Top Replicated Findings from Behavioral Genetics (2016) - erentz
http://journals.sagepub.com/doi/full/10.1177/1745691615617439
======
groceryheist
While behavioral genetics is claiming victory in the replication crisis, it
should not rest on it's laurels. Replicability is a sign that studies can be
conducted consistently. However in the case of behavioral genetics, one fears
that all they have managed to do is reproduce and scale up erroneous research
designs.

Consider finding 3: "Heritability is caused by many genes of small effect"

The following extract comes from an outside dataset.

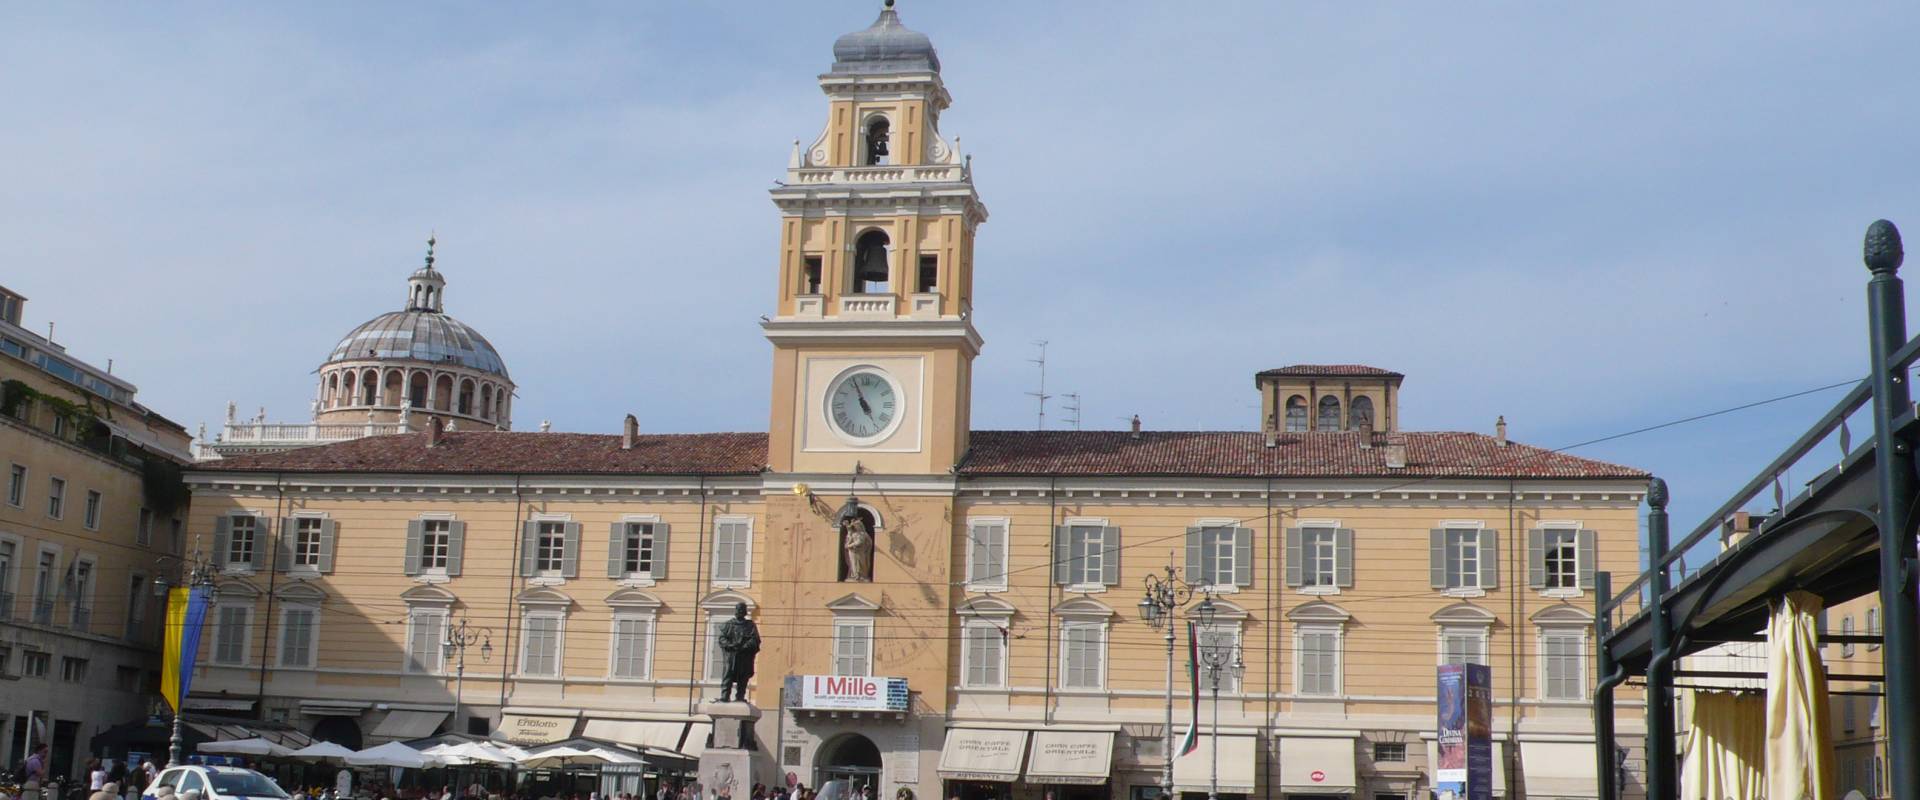 Palazzo del Governatore 2 - Parma foto di RatMan1234

This is exactly what you would expect to find if you do a regression with
1000s of variables: many effects, mostly small ones.

Of the 10 findings only 1 is clearly not a fact about statistics in settings
where dimensionality is very high relative to sample size.

Finding 5. The heritability of intelligence increases throughout development

Observe that this finding is based not on associations between particular
genes and traits, but instead on twin studies. Twin studies have their own
problems when it comes to causal identification.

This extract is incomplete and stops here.